Estero

‘Starmer ha già vinto’: Regno Unito al voto senza suspense

Conservatori avviati verso una disfatta annunciata, i laburisti si apprestano a tornare al potere dopo 14 anni

Il leader dei laburisti
(Keystone)

Un rush finale tutto sommato scialbo, destinato a cambiare poco o nulla. Inizia così la settimana in cui circa 50 milioni di britannici aventi diritto al voto saranno chiamati a rinnovare la Camera dei Comuni il 4 luglio e a darsi un nuovo governo: sfida senza suspense – a differenza di quanto accade in Francia al di là della Manica e a meno di un apocalittico fallimento di tutti gli istituti demoscopici – con i conservatori avviati verso una disfatta annunciata, dopo l'azzardo kamikaze del voto anticipato del premier Rishi Sunak; e i laburisti del moderato sir Keir Starmer destinati a essere riportati al potere dopo 14 anni da una larga vittoria di default.

Fra le ultime rilevazioni, prima che i sondaggi non possano più essere aggiornati, Opinum conferma il Labour attorno al 40% e i Tories al 20; mentre l'istituto Savanta fa calare il partito di Starmer al 38% (meno di quanto incassato dal radicale Jeremy Corbyn nel 2017), ma comunque con 17 punti di vantaggio minimo su quello di Sunak, e quindi in grado di fare man bassa di seggi (grazie al tradizionale sistema maggioritario uninominale secco del "first past the post").

‘Il male minore’

Un quadro che rassicura il front-runner sir Keir, ex avvocato, ex procuratore della corona a Londra e leader non certo trascinante di un partito cauto fino alla vaghezza sui programmi. Come testimoniano i sentimenti di città di tradizione operaia e socialista tipo Liverpool, la più laburista del Regno da sempre, dove a girare per strada l'ANSA stenta oggi a intercettare persino un singolo estimatore entusiasta di Starmer: etichettato da qualche passante più conciliante come "il male minore", da altri – sic et simpliciter – come "un Tory in cravatta rossa".
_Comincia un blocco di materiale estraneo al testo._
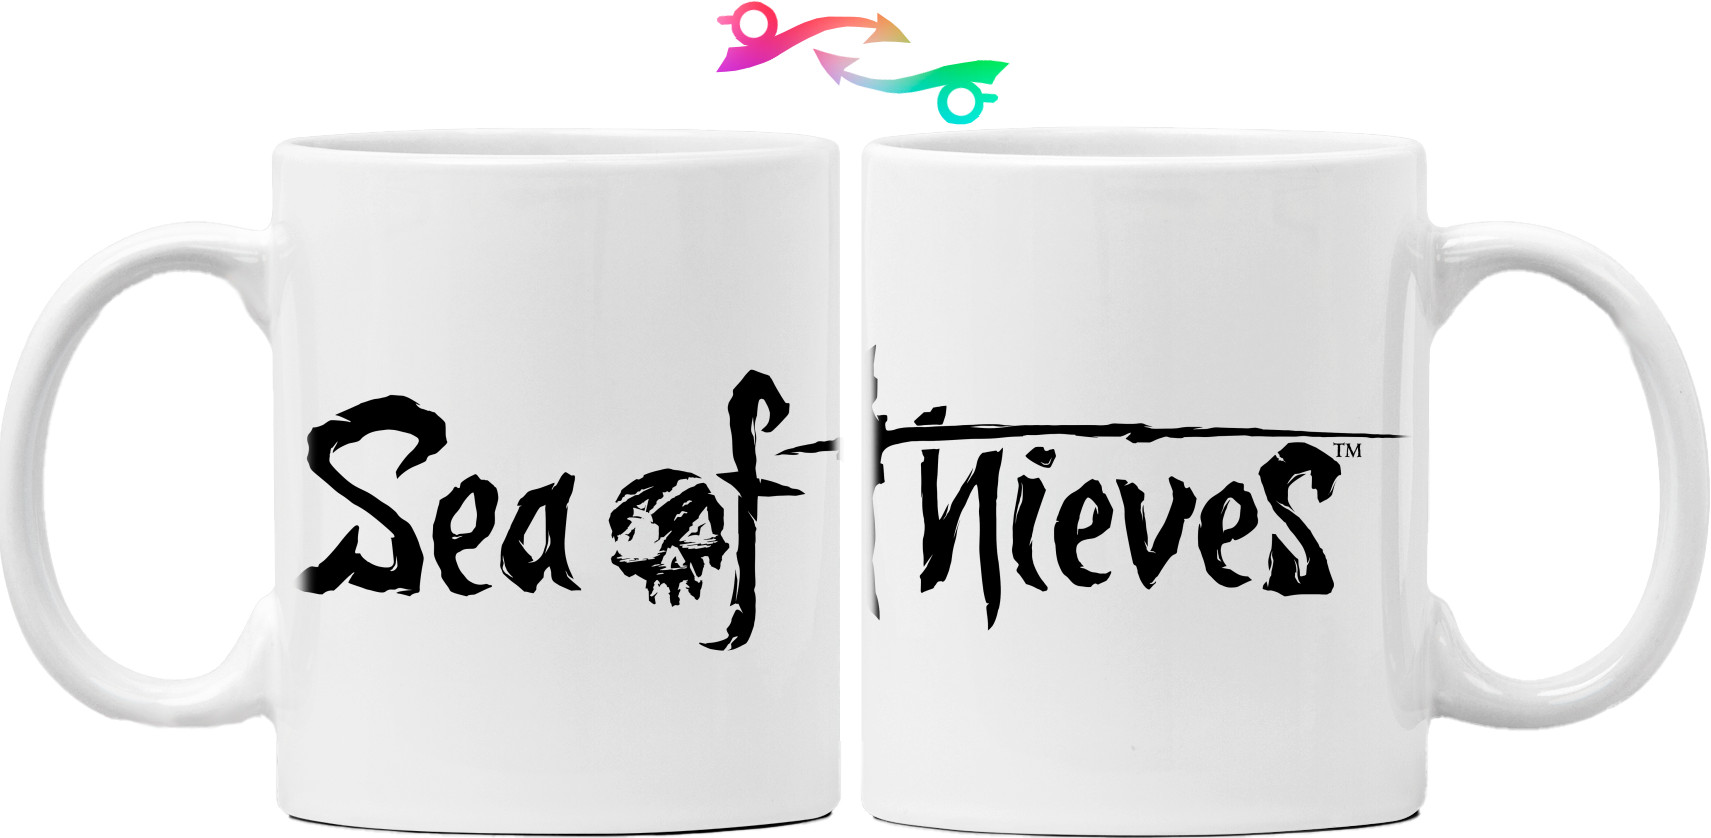 Sea of Thieves logo 3

Unica carta realistica da giocare, in ogni modo, per un cambiamento pur che sia dopo quasi tre lustri di governi conservatori e tumulti vari fra Brexit, crisi, instabilità, scandali. Cambiamento abbastanza soft da andar bene del resto pure all'establishment, come confermano gli endorsement a catena di media tradizionalmente liberal-moderati quali l'Economist, il Sunday Times di Rupert Murdoch o, ultimo, il Financial Times, voce della City e business: secondo un allineamento di preferenze e d'interessi che non si vedeva dai tempi del New Labour di Tony Blair.

Disfatta di Sunak?

Per il 44enne Sunak, primo capo del governo di origine indiana e non bianca nella storia del Regno, si profila viceversa una devastante tempesta perfetta che rischia di travolgere, oltre ai Tories e forse al loro ruolo storico, finanche il suo seggio individuale di deputato: incubo inedito per un premier in carica. Per salvare il salvabile, Rishi ha provato a insistere su due cavalli di battaglia, la lotta all'immigrazione illegale e la politica fiscale, rinfacciando in particolare al rivale di nascondere una presunta intenzione di "aumentare le tasse" a pioggia una volta a Downing Street. Ma la verità è che si considera lui stesso battuto, implicitamente, aggrappandosi in queste ore a un appello quasi disperato agli elettori a "non consegnarsi" a Starmer mani e piedi: come ad auspicare ormai solo una maggioranza laburista non troppo ampia. Obiettivo minimo verso il quale una mano potrebbe venirgli se non altro dalla frenata della rincorsa a destra dei populisti di Reform UK di Nigel Farage, fermatisi attorno al 16% sulla scia della bufera legata alle dichiarazioni razziste di alcuni candidati.

Il leader laburista, da parte sua, si limita a martellare sull'offerta di una non meglio precisata alternativa "al caos" Tory di questi anni, evocando slogan sufficientemente generici sulla stabilità, la crescita, la sicurezza nazionale o la ricostruzione della "fiducia nella cosa pubblica" dopo ondate di scandali quali il Partygate dell'era di Boris Johnson o l'imbarazzante caso delle scommesse sulla data del voto. Mentre, incalzato sui risultati sismici del primo turno francese, afferma che i "progressisti" sono l'unico argine alla "minaccia populista", sull'isola come in Europa continentale. Salvo affrettarsi ad aggiungere che, per vincere, occorre dare – dall'economia alla linea dura sugli sbarchi dei clandestini – "risposte alle preoccupazioni d'ogni giorno della gente comune". Umori e malumori inclusi.